То, что давно тебя ожидало, уже лежит внизу горой разрозненных деталей. Тогда ты решаешь притвориться. Все начинают с этого: лишь притворяются, что выросли. Пожалуй, это лучший путь – прикидываться взрослым до конца, всю жизнь.
С возрастом мы сталкиваемся с печальными вещами, которые убеждают нас в том, что и мы сами, и другие – действительно существуем. Но все же где-то глубоко во мне запечатлелась мысль о придуманной жизни – той, что создается из ничего каждым нашим новым жестом и действием.
Я верил: есть на свете страна, где детство живет в безопасности и остается прежним, даже когда мы вырастаем. Далекий, всеми забытый край. Я всюду собирал его следы. Я рисовал его карты в дневниках, но онм выходили обрывочными и неточными, без масштаба и розы ветров.
Говорят, есть рыбы, которые умеют подниматься на сто метров по вертикальному потоку водопада. Смогу ли и я так, когда понадобится?
Нам повезло: окружающие взрослые не искали днями и ночами, что бы такого нам еще отдать. Наоборот, они внимательно приглядывались к нам, шпионили за нами, высматривая, что бы у нас украсть. Ведь мы владели всем, чего они давно лишились.
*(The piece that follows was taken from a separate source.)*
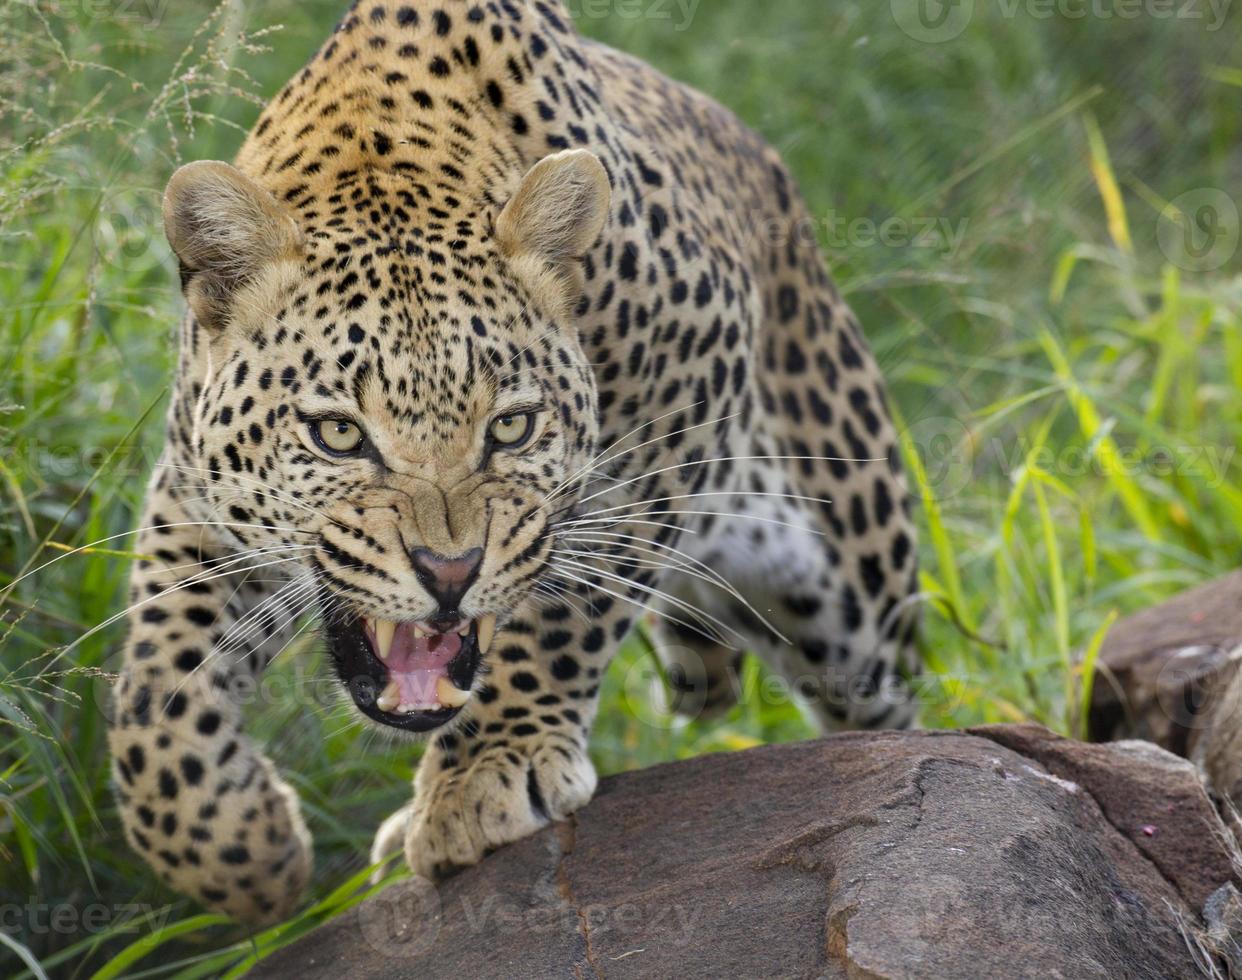 leopardo africano, gruñendo, sudáfrica foto

Я никогда не пытался удержать детство или сам в нем задержаться. Просто я хотел, чтобы ребенок внутри меня рос, развивался и оставался живым. Потому что, какими бы обещаниями ни кормил меня этот новый мир, край взрослых, в моей жизни было нечто такое, от чего я не собирался отступаться: желание творить и изобретать. Я дал себе этот обет. Я никогда не предам фантазию. Никогда не выпущу из рук нить клубка. Мое детство продолжится – я найду для этого новые способы и не расстанусь с мечтой растить ребенка в себе вечно.
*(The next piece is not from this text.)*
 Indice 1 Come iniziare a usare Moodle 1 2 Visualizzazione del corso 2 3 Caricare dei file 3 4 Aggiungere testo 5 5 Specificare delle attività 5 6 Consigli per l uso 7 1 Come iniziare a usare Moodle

"Детство живет на зеленых холмах, за рекой, за кустами, за лесом, за горящим амбаром и за коридорами, выстеленными паркетом. Среди прочих дорог есть там и такие, что подводят, петляя, к самому краю, и оттуда, с обрыва высокой скалы или через решетку ограды, открывается вид на соседнее царство, страну далекого завтра, имя которой — взрослая жизнь.Бывает, дети подходят к этой черте, выглядывают из высокой травы (она им почти по макушку) и там, в соседней долине, им иногда доводится случайно подсмотреть за смертью или за влюбленными. Виденья эти вспыхивают на солнце, подобно осколкам стекла. Они слепят глаза и тут же исчезают, укрывшись за низкими облаками.Дети бегут обратно в чащу леса, машут луками и стрелами и наивно полагают, что напрочь забыли о том, что увидели. Однако увиденное уже посеяло в них вишневую косточку, которая будет отныне расти там, внутри.У меня таких косточек была целая горсть. Я даже думаю, что это из-за них мы вообще растем. Прекрасно помню, как глотаешь их с изумленно раскрытыми глазами и испытываешь опасную радость от того, что незнакомые тела, замеченные в долине, вот-вот разлетятся вдребезги. Мы оглядывались по сторонам. Никто нас не видел? Как будто мы что-то украли... Подождав немного, прислушивались к происходящему внутри: как там теперь моя вишневая косточка? Что она делает в мире, невидимом глазу?<…> Я знаю: на одно незыблемое детство, на висячий сад вроде моего приходятся десятки таких, что кубарем летят с обрыва или с головой пропадают в зыбучем песке. Я вижу, как они проходят мимо — их осажденные и разоренные сады, их взгляд широко раскрытых глаз".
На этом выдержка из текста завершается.